The casting was obviously going to be something that could completely derail the project if the wrong decisions were made but Snyder avoided big names and went for people who not only looked the part but had the acting chops to ensure the fantasy world their character’s existed in seemed real enough to hook an audience. Jeffrey Dean Morgan as The Comedian: immoral but magnetic. Jackie Earle Haley as Rorschach: psychotic but strangely persuasive. Billy Crudup as Dr Manhattan: whispering detachment hiding genuine humanity. Matthew Goode as Ozymandias: arrogant and misguided. Patrick Wilson as Nite Owl: honest but naive. All these characters are brought to vivid life. Only Malin Ackerman as Silk Spectre provides a weak link – serviceable in the role but straying too close to daytime soap opera performance on occasion. It’s distracting but is easily overlooked as part of the ensemble cast that also includes numerous supporting players who manage to make solid impressions though their appearances may be brief. On top of that is some strikingly accurate set design, evocative cinematography, some bold musical choices (not including the rather misjudged sex scene!) and of course, Snyder’s assured direction. There were worries that he would rely heavily on slo-mo as he did in 300, but here it’s used sparingly to punctuate action scenes in a way that nods to the source material; a momentary freeze frame creating a single image that brings to mind a comic book panel. It’s an aesthetic choice, and for me, it works. The only thing he gets wrong is the amping up of the violence in certain scenes to somewhat ridiculous levels, lessening their impact rather than increasing it, but again, it’s not something that hampers the overall impressiveness of the film.

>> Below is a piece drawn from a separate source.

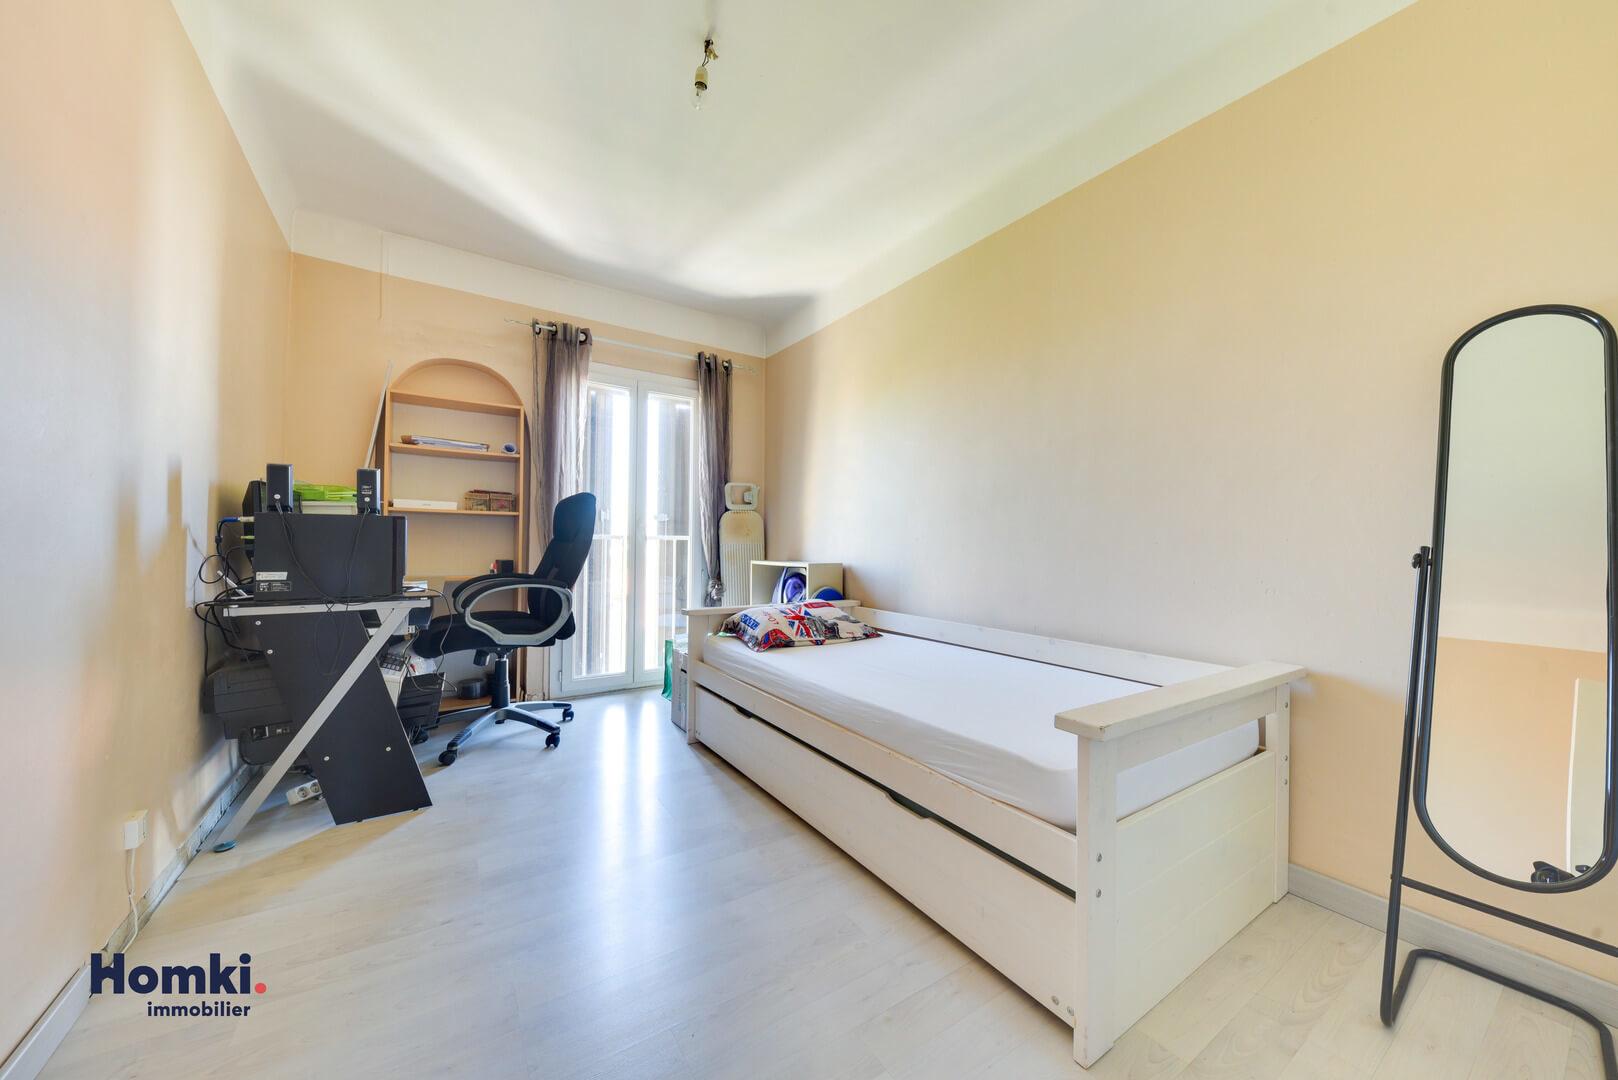 Vente Appartement 54 m² T3 13015_8

At the time of writing the movie is being written off as a flop due its failure to break any box office records and it’s noise dive during successive weekends. It was strange to see some of the critical opinions too, many coming across as somewhat kneejerk reactions to something that, because of the subject matter, was never going to have an easy time with mainstream audiences. We held out hope that it would somehow crossover, but with it’s relatively unconventional narrative, it’s regularly bleak view of humanity, it’s ugly brutality, and lack of starpower, it was always going to be a hard sell, in even a post-Dark Knight world. But, having said that, I firmly believe that the journey for this movie has just begun. We know Synder has planned not only an extended edition (possibly up to half and hour of extra footage) but also a super-extended edition that slots the Tales Of The Black Freighter animation into the film. Clearly he’s not messing about here, and clearly, with a little hindsight, it’s a near miracle that he managed to get the film to the cinemas in this form. With the amount of money involved (estimated between $150 - $200 million) I’m left with nothing but total admiration for the man; he stuck to his guns, brought Moore and Gibbons’ vision to the screen without any drastic, catastrophic changes. The altered ending works in this context, and if you hear some of the suggestions Synder had to bat back from the Warner execs (a Rorschach and Nite Owl buddy movie; no Manhattan on Mars), you wonder how it’s possible he managed it at all.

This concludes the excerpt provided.